### Data records
___

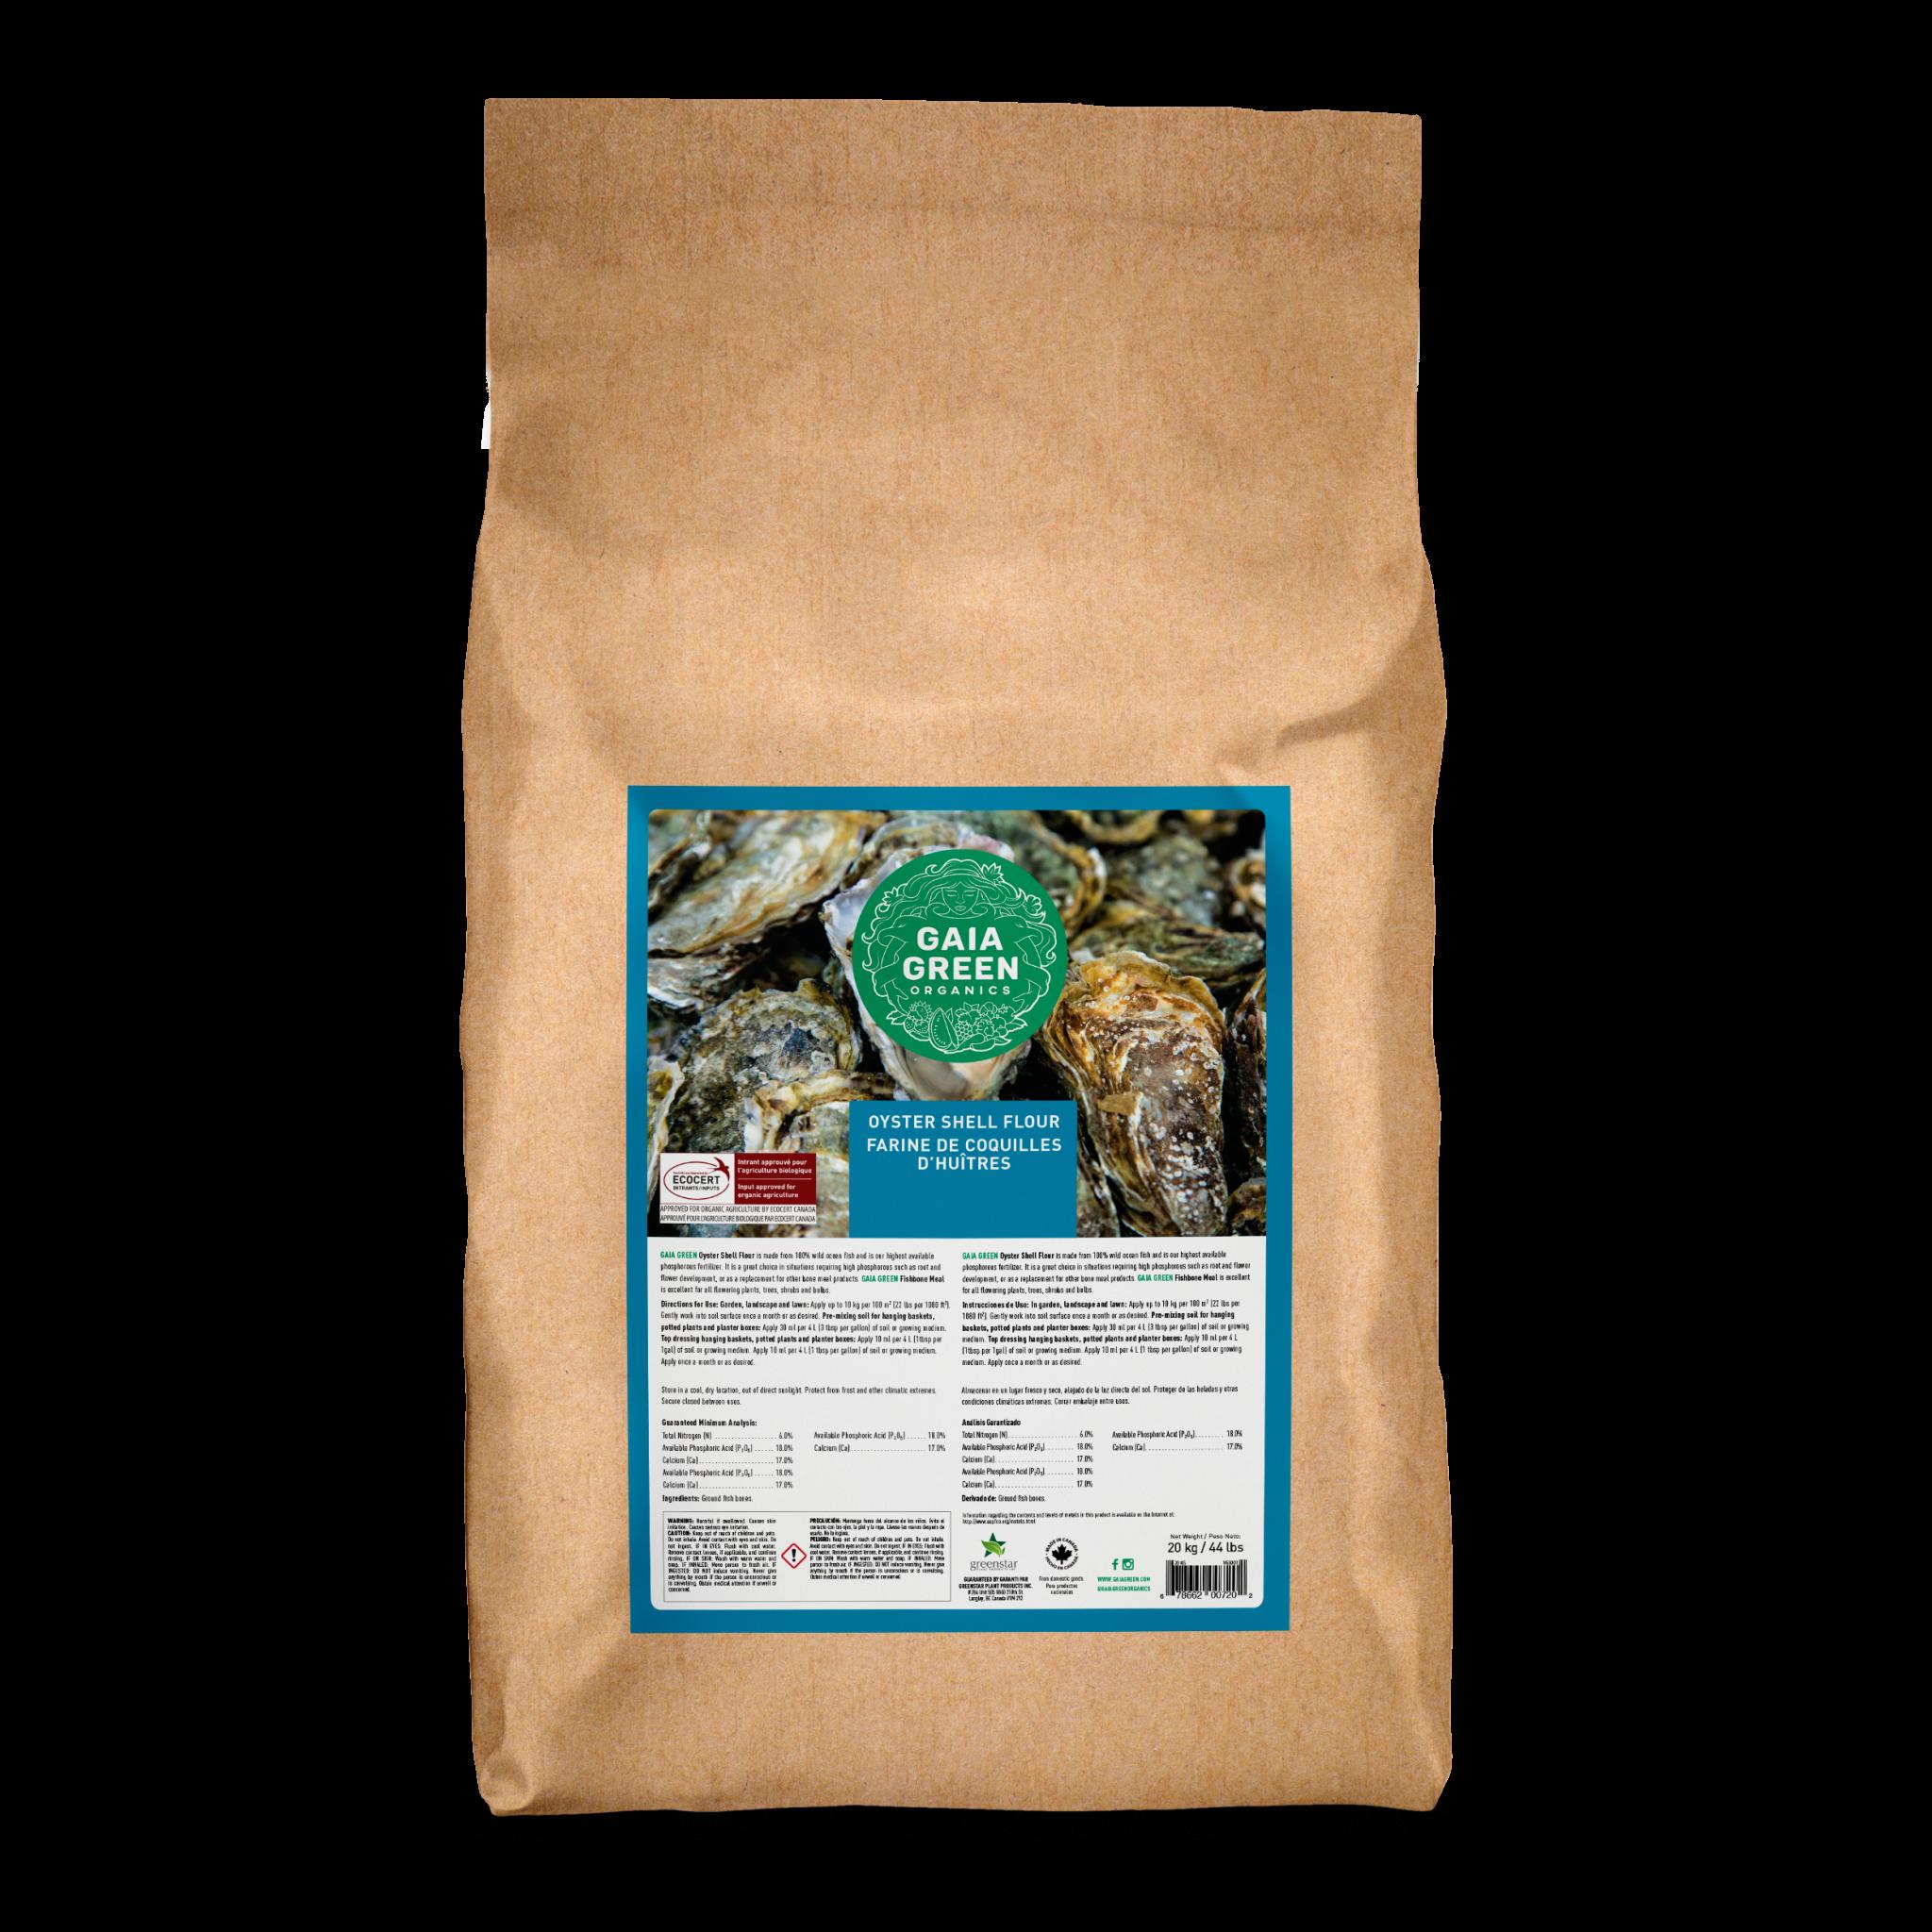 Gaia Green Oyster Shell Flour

___

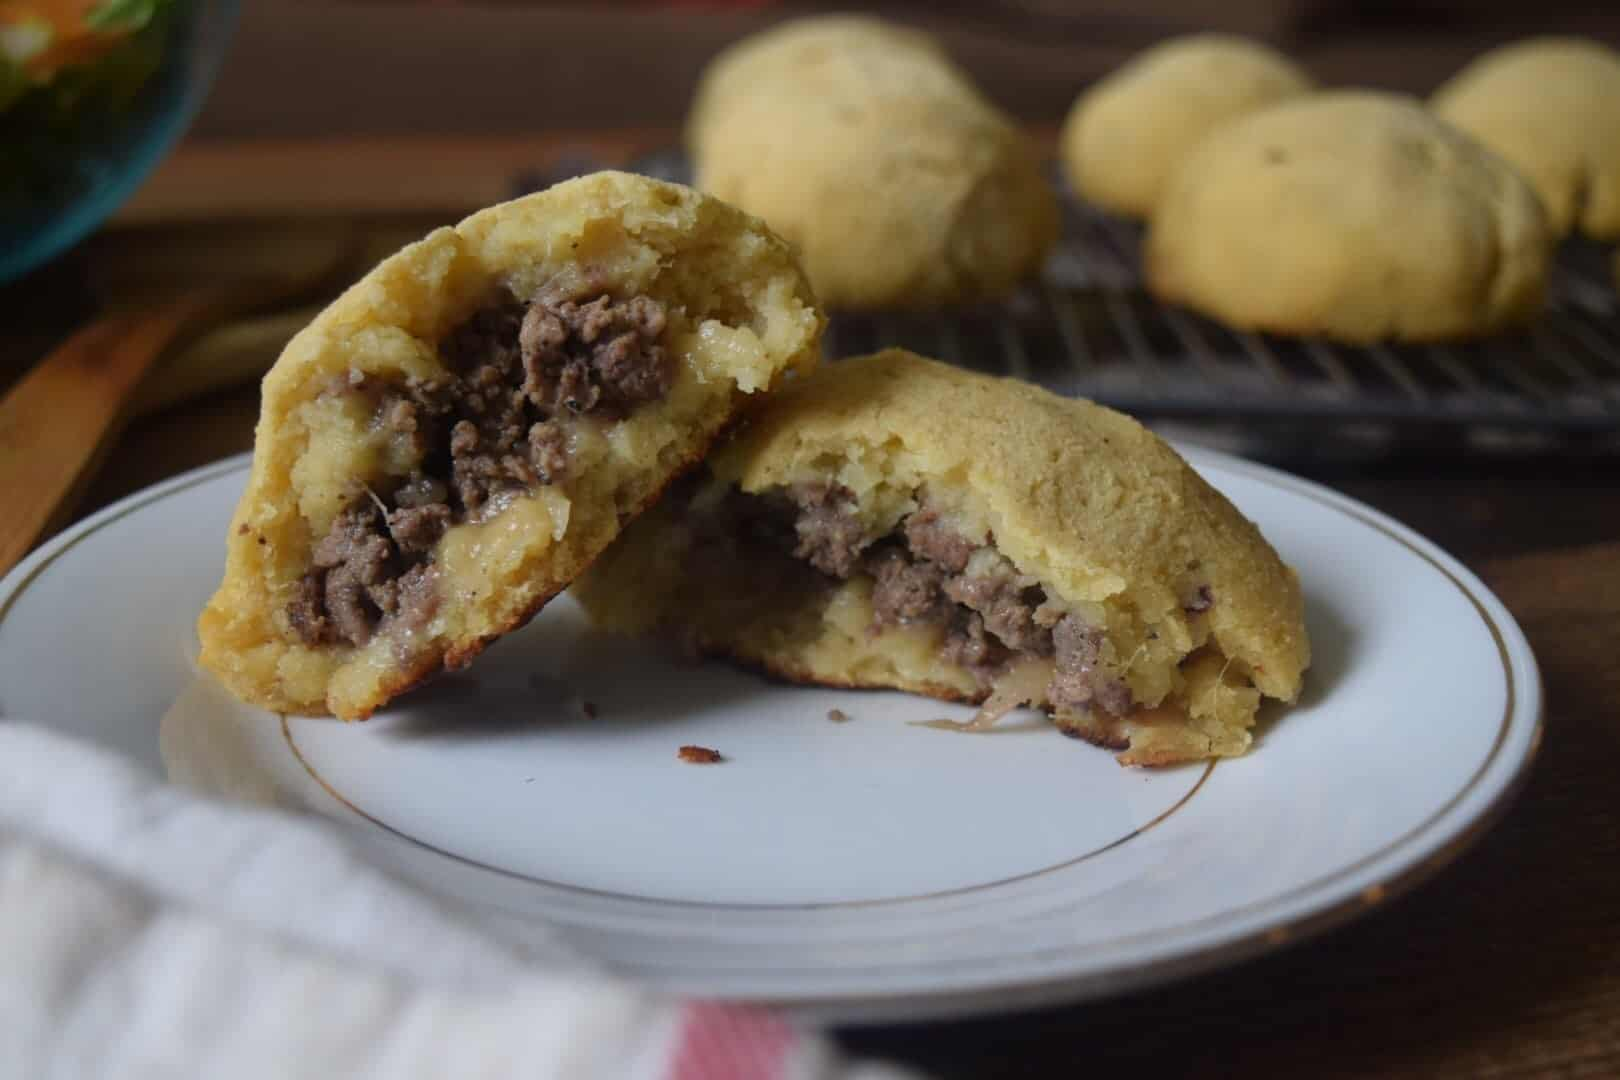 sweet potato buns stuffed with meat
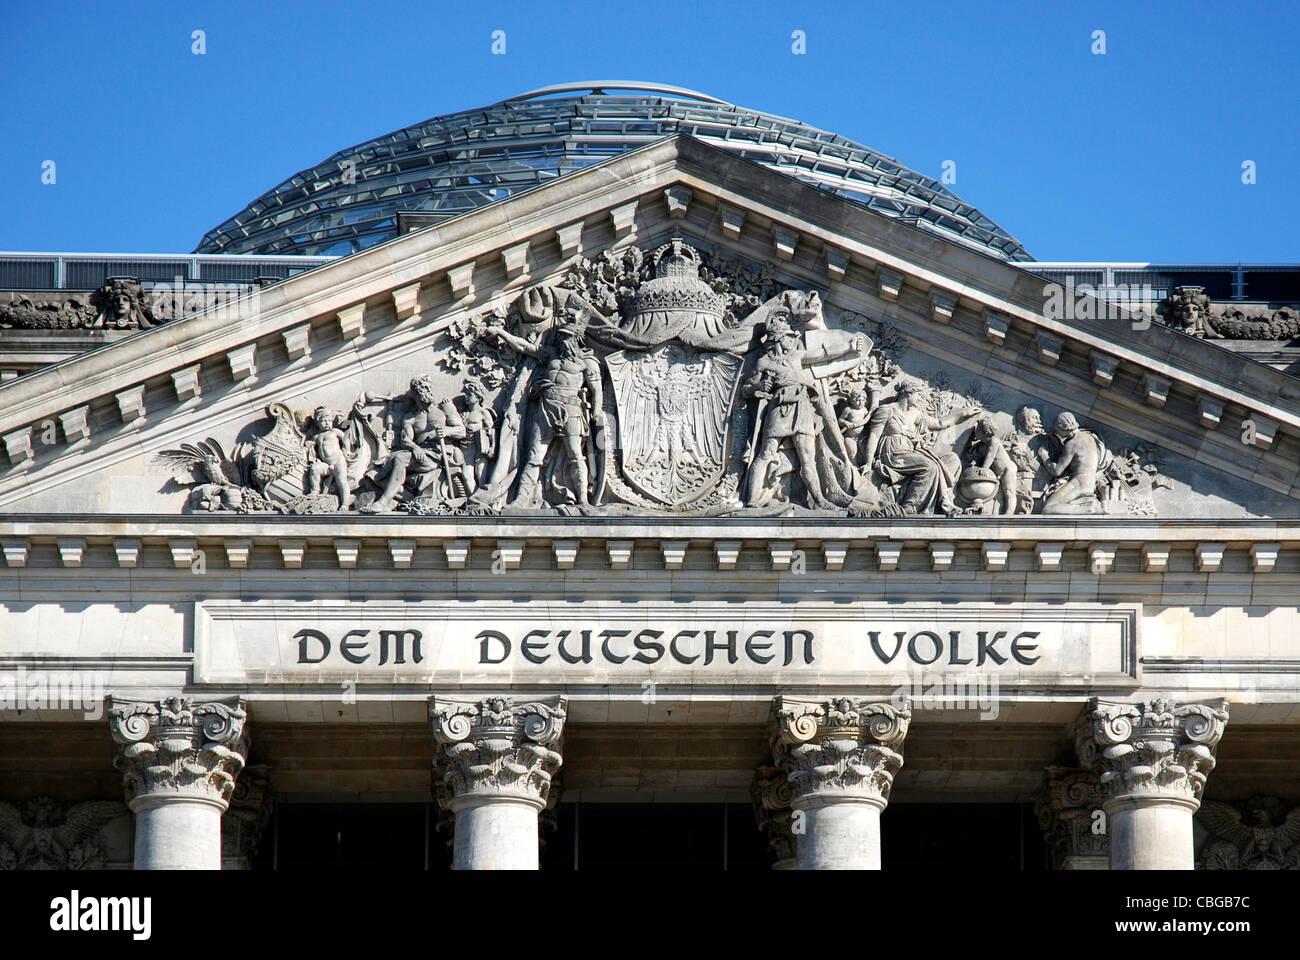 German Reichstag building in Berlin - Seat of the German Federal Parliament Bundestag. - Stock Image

___

### What to produce
Output exactly the lines above, from the line with "sweet potato buns stuffed with meat" to the line with "German Reichstag building", both included; skip the pictures.

### Answer box
 sweet potato buns stuffed with meat
 German Reichstag building in Berlin - Seat of the German Federal Parliament Bundestag. - Stock Image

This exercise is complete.